# SS 03.08.13 - Mozart #41



## Bix (Aug 12, 2010)

*Wolfgang Mozart (1756-1791)*

Symphony No. 41 in C major, K. 551

1. Allegro vivace, 4/4
2. Andante cantabile, 3/4 in F major
3. Menuetto: Allegretto - Trio, 3/4
4. Molto allegro, 2/2


----------



## realdealblues (Mar 3, 2010)

Ah, Mozart Symphony 41 "Jupiter"

I'm going to carry over from last week and listen to:

View attachment 22129


George Szell & The Cleveland Orchestra


----------



## Bix (Aug 12, 2010)

Im going for - Haitink and The Royal Concertgebouw, I love their Tchaikovsky so hopefully...........


----------



## schuberkovich (Apr 7, 2013)

I will join you.
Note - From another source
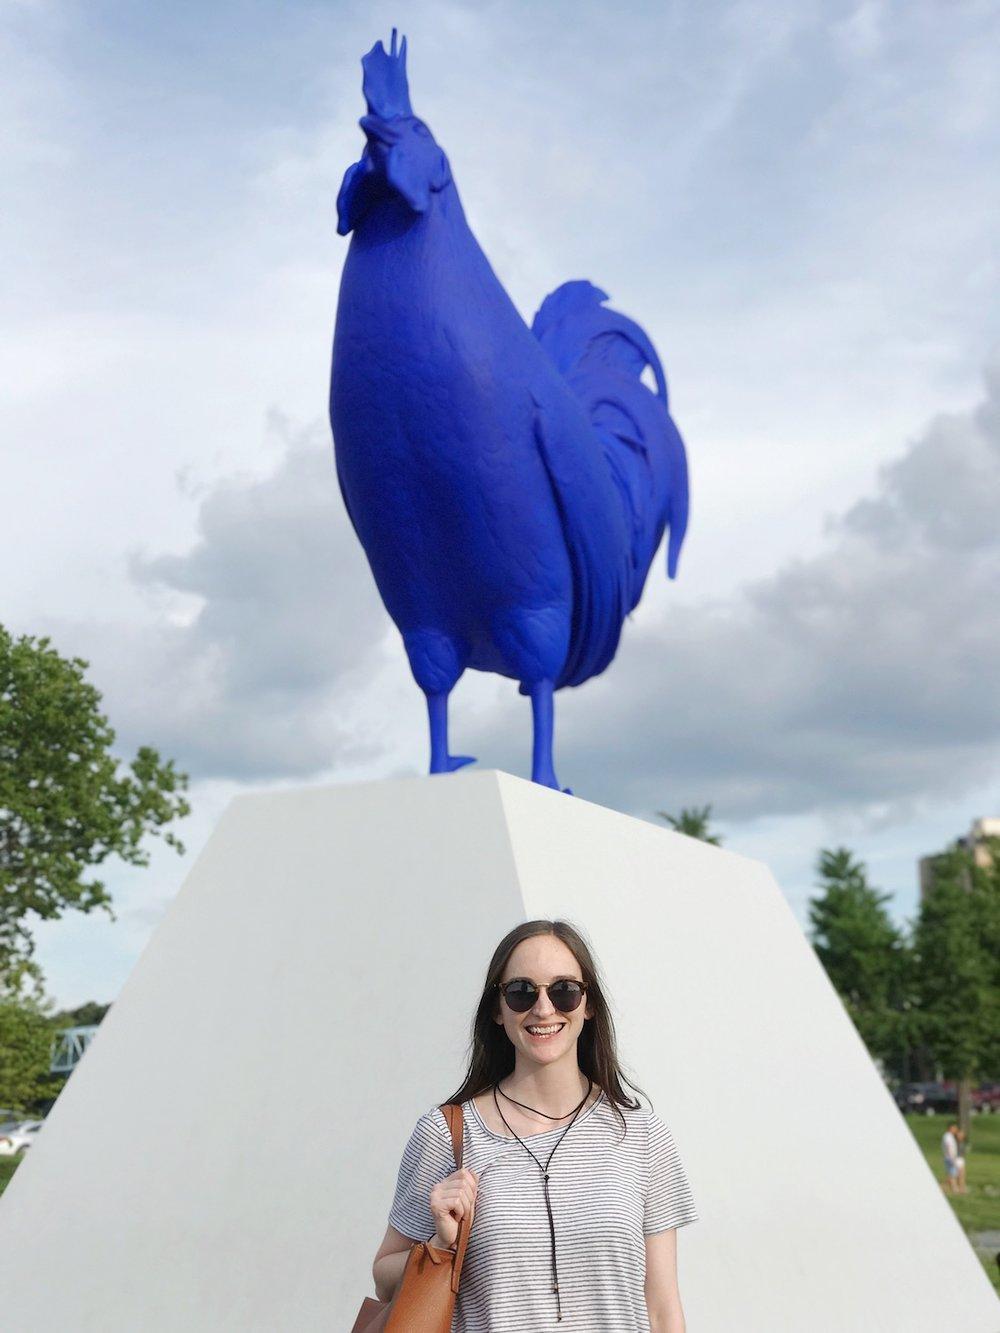 blue-chicken-statue-minneapolis.JPG

I only have the Bernstein/ Vienna Philharmonic recording so I'll listen to that.


----------



## Skilmarilion (Apr 6, 2013)

I'll use this as an excuse to check out a new recording (well, performance).

*Paavo Jarvi, Frankfurt Radio Symphony*


----------



## Feathers (Feb 18, 2013)

I'll listen to Sir Charles Mackerras with the Prague Chamber Orchestra.


----------



## Celloman (Sep 30, 2006)

I'll go with Karajan and the Berliner Philharmoniker. It's very "Karajan-esque"!


----------



## Guest (Aug 2, 2013)

I'll be going with Rene Jacobs' recording on Harmonia Mundi. Currently my favorite.


----------



## Ondine (Aug 24, 2012)

Wiener Philharmoniker; James Levine, 1989.


----------



## neoshredder (Nov 7, 2011)

Charles Mackerras


----------



## Ondine (Aug 24, 2012)

neoshredder said:


> Charles Mackerras


Great you have joined us, @neo!


----------



## Mahlerian (Nov 27, 2012)

I'll go for the earlier Mackerras recording on Telarc with the Prague Chamber Orchestra. It's a great symphony, and I'm looking forward to hearing it again!


----------



## Bix (Aug 12, 2010)

Please don't wait for me to make the first commentary - if you have yours ready, please go ahead.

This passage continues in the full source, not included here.